Lately, there’s been a bit of a buzz about essential fatty acids (EFAs). But what exactly are they? And why are they so essential?
Let’s start with omega-3s, because they get the most attention. And rightfully so! They’re important to our health because we need them in order to survive, but our bodies can’t produce them. So we must get them through the food we eat. The best sources of omega-3s are cold-water fish, like salmon, sardines, mackerel, and bluefish. If you’re not a fan of fish, flaxseeds are another source. They’re loaded with alpha-linolenic acid, which your body can turn into the same kind of fat you can get from fish.

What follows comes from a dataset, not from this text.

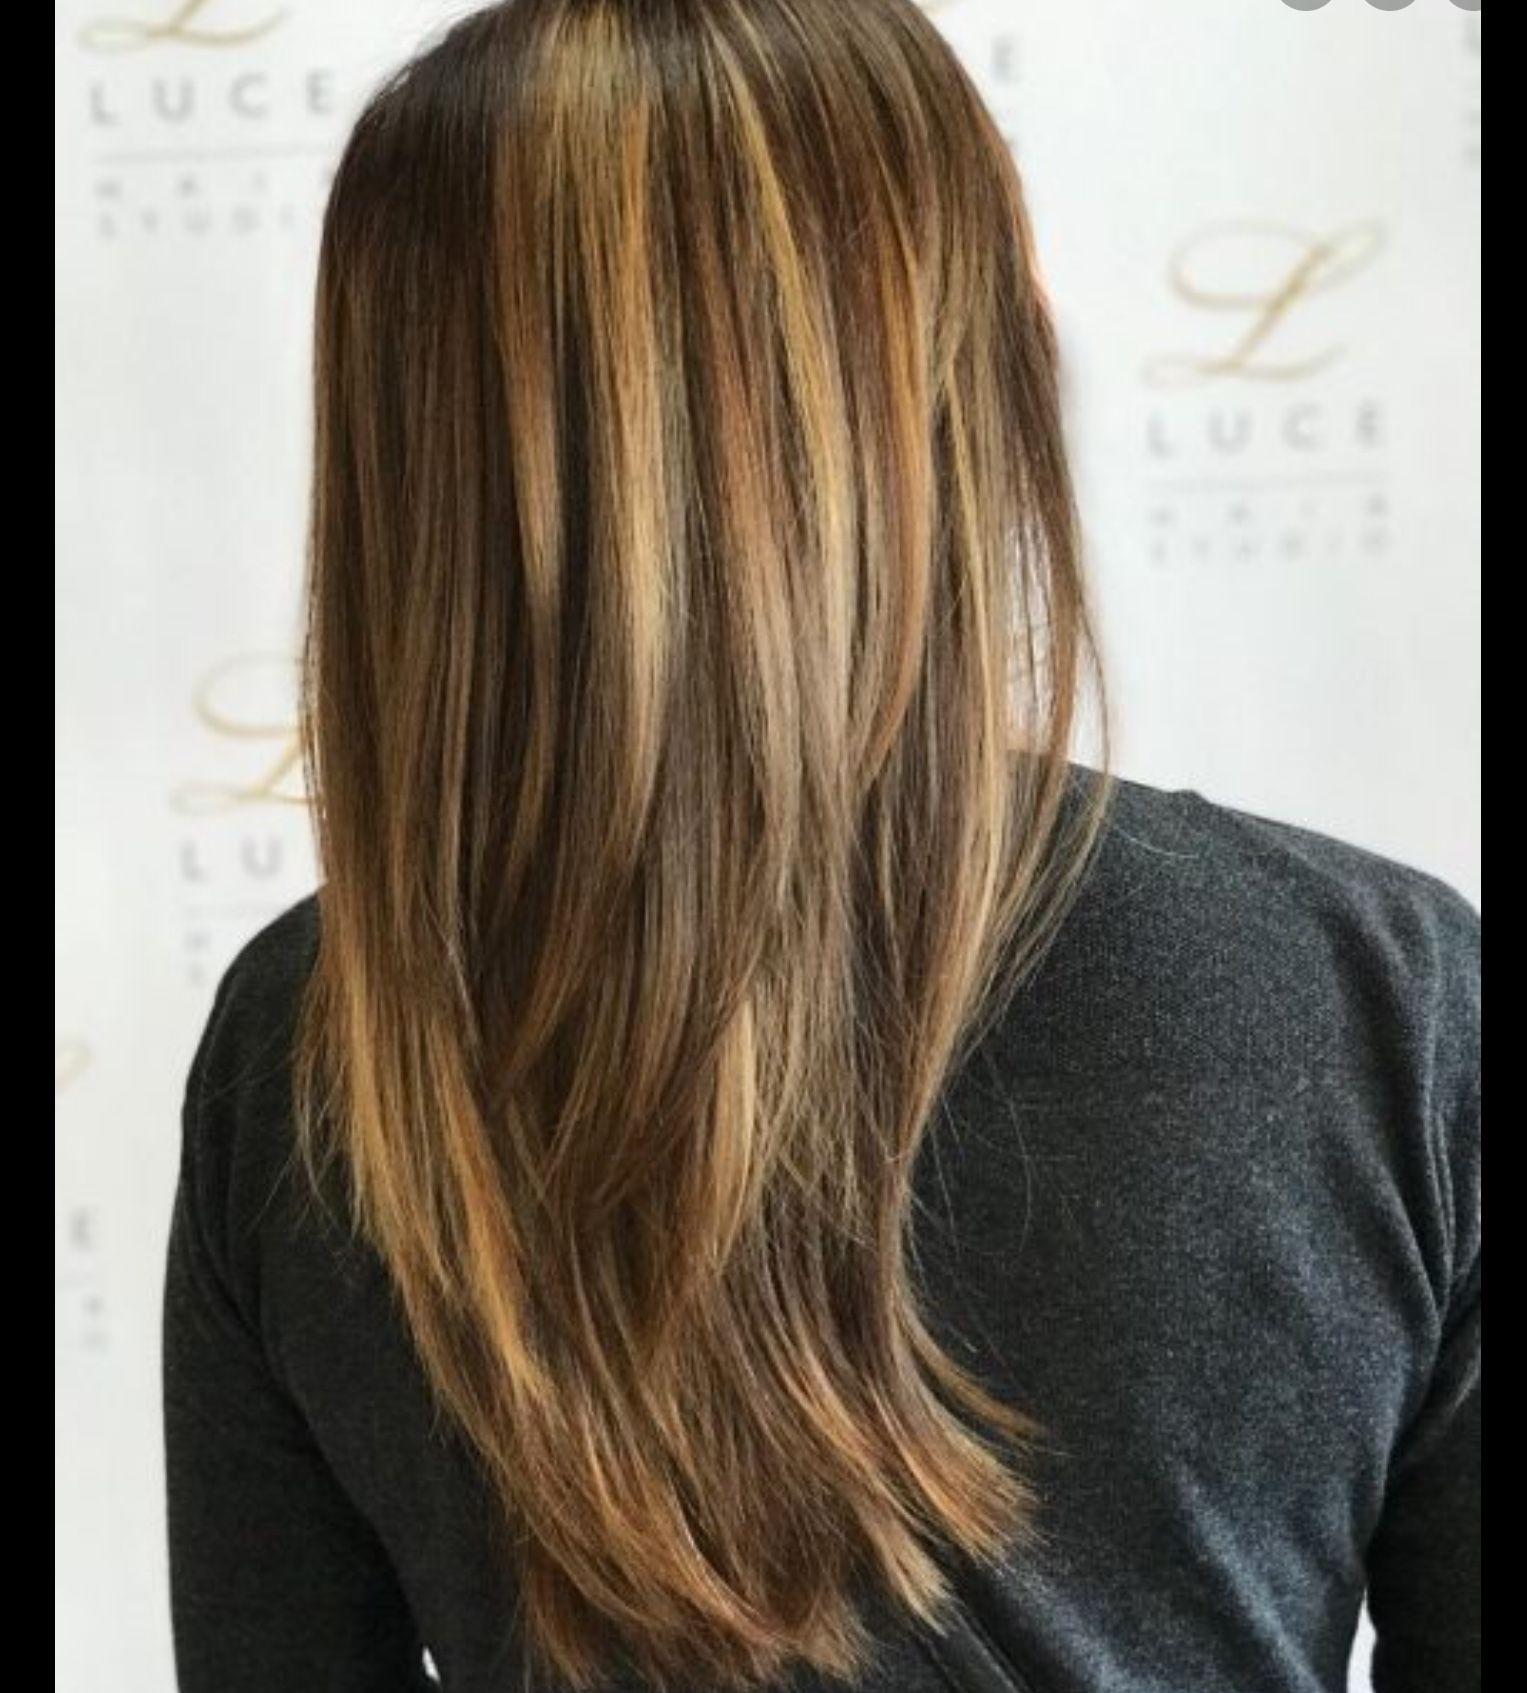 stufenschnitt lange haare v schnitt gestuft - hochsteck

Next are the omega-6s. These EFAs are everywhere, and if anything, we probably get too much of them. They’re found in seed and nut oils, plus the kind of refined vegetable oil that’s used in snack foods, cookies, crackers, and sweets. Still, our bodies can’t produce omega-6s, so they must be taken in from the food we eat. But don’t go crazy—you most likely get enough 6s without making a conscious effort.
Before Americans started relying so heavily on processed food, there was a good balance between the omega-3s and the omega-6s. Now we tend to get far too many 6s and not enough 3s. Some nutritionists believe that the dietary imbalance could explain the increase in the occurrence of asthma, heart disease, cancer, and autoimmune disorders.
Now for the omega-9s. These are in a category of their own, because they are not EFAs. Our bodies can produce them, so they aren’t considered “essential.” But the reason they are included in this list is that they can be used as a substitute for 3s and 6s when we are lacking either of those. But it’s not an ideal replacement, and eventually the body will suffer.
Now that you know the difference between the omegas, you’ll see why there’s so much emphasis on getting omega-3s in your diet. So how about serving salmon for dinner tonight?